The Primary Care Physician, Basis for the Medical Home
One of the most important aspects of securing quality, integrated care for families of young adults with medically fragile conditions is to establish the coordination of medical care and services for complex conditions. Your primary care provider is your first stop on the journey of planning and staying on top of the transition planning process for medical care. The primary care provider can and should provide important information to other team members about the individual’s special health needs as they relate to medical, residential, educational, and recreational-vocational issues.

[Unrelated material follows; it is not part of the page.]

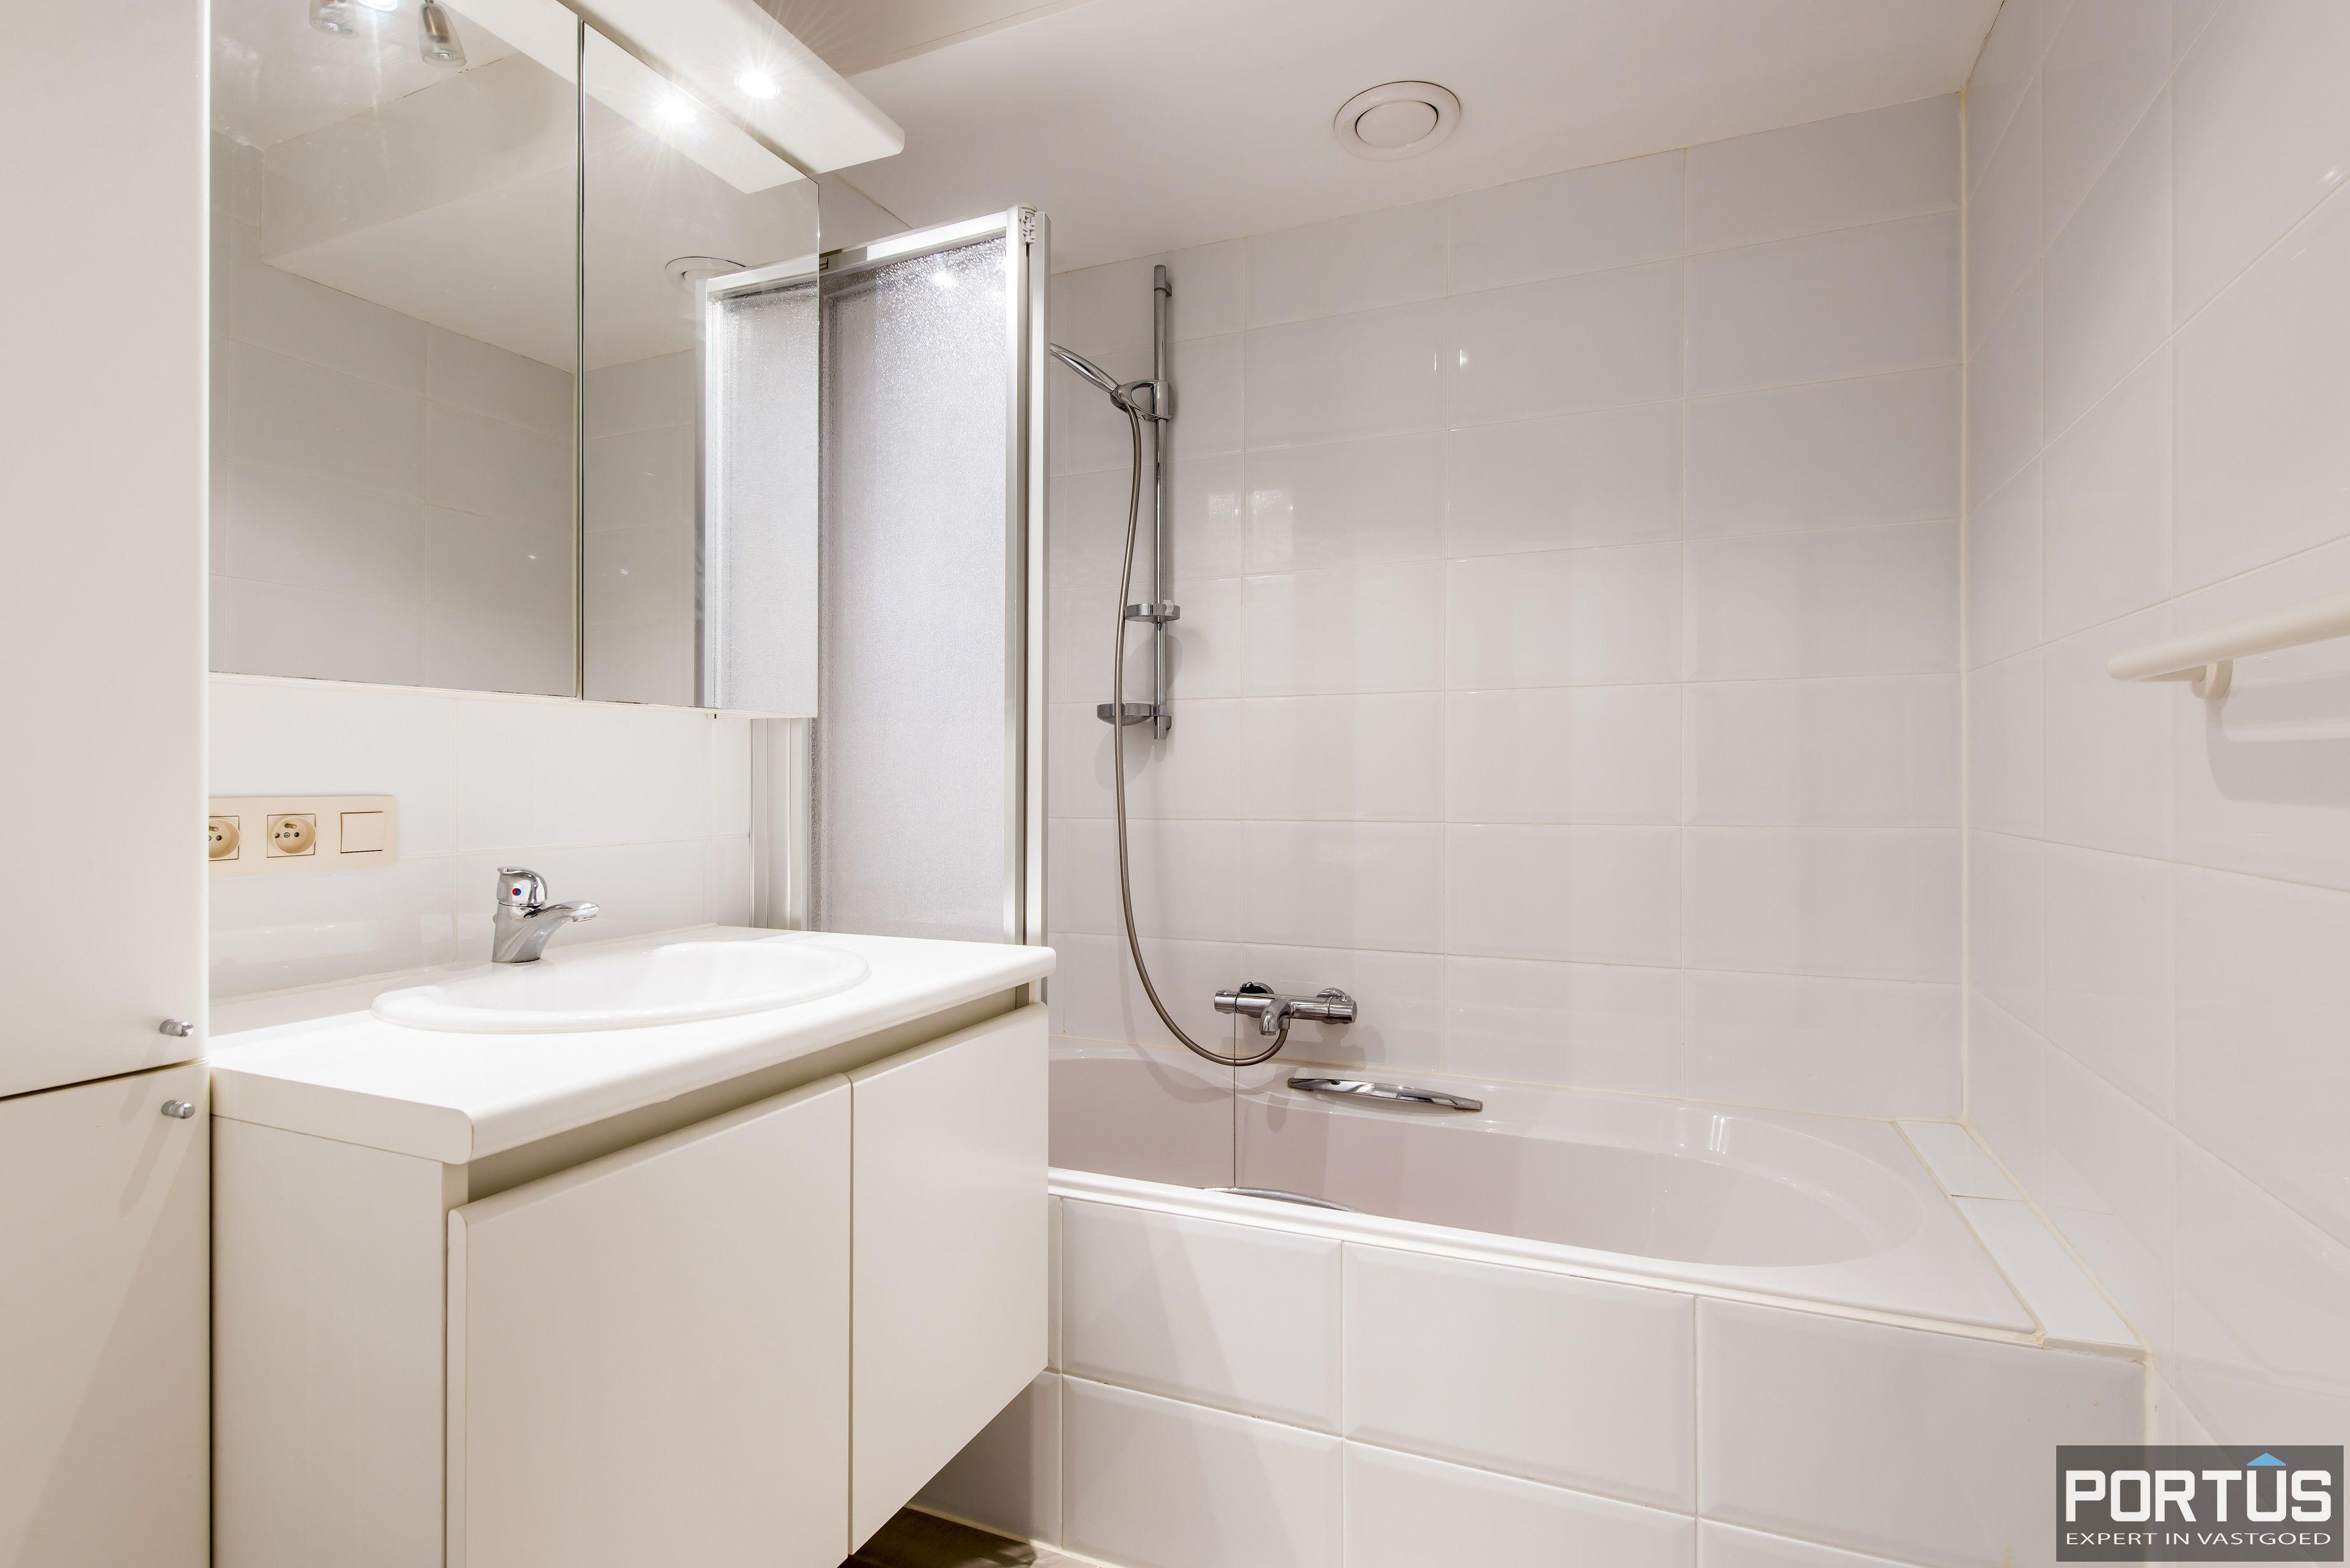 Instapklaar gelijkvloers appartement met 2 slaapkamers te huur te Nieuwpoort  - 11737

In the transition from pediatric to adult primary medical care, the pediatrician who cared for your child will work with you to transition to an adult care provider after your child reaches 18 years of age or older. Often they will continue to work with you until you have found a new adult physician (18).
Not all Family Practitioners or Internal Medicine physicians are knowledgeable and trained to meet the complex needs of a young adult with medically fragile conditions and profound disabilities. Word of mouth, referrals from hospitals, from specialists and your Internet searching are all ways of capturing this information on adult healthcare providers with experience in young adults with medically fragile conditions.
Medical home coordination may provide answers to the question: How does one maintain all of the services required for quality of life as the young adult transitions to adult care, including regular medical care, physical therapy, art therapy, school, social services, benefits’ assistance, and more?
Medical Home Model—the Physician’s Perspective
The “Medical Home” concept is the 21st century model for coordinated, primary care. If you want to get a close-up view of how a pediatrician views building a medical home team, take a look at these two physician organization websites. They give you a detailed view of how an MD goes about shaping a Medical Home (17,20).